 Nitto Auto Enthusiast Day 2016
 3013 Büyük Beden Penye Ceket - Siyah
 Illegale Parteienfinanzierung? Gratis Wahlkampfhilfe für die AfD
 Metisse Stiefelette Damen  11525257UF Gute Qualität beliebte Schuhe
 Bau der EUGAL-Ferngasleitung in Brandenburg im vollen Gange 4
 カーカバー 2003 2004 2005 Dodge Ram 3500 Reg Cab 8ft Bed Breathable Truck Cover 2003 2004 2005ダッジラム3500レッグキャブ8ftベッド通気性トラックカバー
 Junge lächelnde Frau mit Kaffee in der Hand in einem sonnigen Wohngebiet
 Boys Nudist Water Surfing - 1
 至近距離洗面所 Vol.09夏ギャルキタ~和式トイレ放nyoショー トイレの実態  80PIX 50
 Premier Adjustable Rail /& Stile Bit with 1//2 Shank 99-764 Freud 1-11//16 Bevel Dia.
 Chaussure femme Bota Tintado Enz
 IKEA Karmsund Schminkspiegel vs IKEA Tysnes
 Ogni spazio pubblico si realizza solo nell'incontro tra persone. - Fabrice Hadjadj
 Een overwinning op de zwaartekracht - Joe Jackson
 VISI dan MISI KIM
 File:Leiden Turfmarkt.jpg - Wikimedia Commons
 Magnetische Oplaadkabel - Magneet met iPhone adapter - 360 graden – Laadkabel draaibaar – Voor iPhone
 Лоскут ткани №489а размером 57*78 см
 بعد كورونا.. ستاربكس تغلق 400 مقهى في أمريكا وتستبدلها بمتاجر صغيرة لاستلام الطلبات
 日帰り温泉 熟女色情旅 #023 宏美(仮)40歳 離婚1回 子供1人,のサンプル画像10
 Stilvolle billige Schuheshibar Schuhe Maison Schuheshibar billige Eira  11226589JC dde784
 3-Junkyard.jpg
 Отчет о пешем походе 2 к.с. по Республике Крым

• [WHAT THE TASK REQUIRES] Reproduce exactly the line that contains "Chaussure femme Bota Tintado Enz" together with each line after it to the end of the entries; include no other lines.

• [EXERCISE SOLUTION]
 Chaussure femme Bota Tintado Enz
 IKEA Karmsund Schminkspiegel vs IKEA Tysnes
 Ogni spazio pubblico si realizza solo nell'incontro tra persone. - Fabrice Hadjadj
 Een overwinning op de zwaartekracht - Joe Jackson
 VISI dan MISI KIM
 File:Leiden Turfmarkt.jpg - Wikimedia Commons
 Magnetische Oplaadkabel - Magneet met iPhone adapter - 360 graden – Laadkabel draaibaar – Voor iPhone
 Лоскут ткани №489а размером 57*78 см
 بعد كورونا.. ستاربكس تغلق 400 مقهى في أمريكا وتستبدلها بمتاجر صغيرة لاستلام الطلبات
 日帰り温泉 熟女色情旅 #023 宏美(仮)40歳 離婚1回 子供1人,のサンプル画像10
 Stilvolle billige Schuheshibar Schuhe Maison Schuheshibar billige Eira  11226589JC dde784
 3-Junkyard.jpg
 Отчет о пешем походе 2 к.с. по Республике Крым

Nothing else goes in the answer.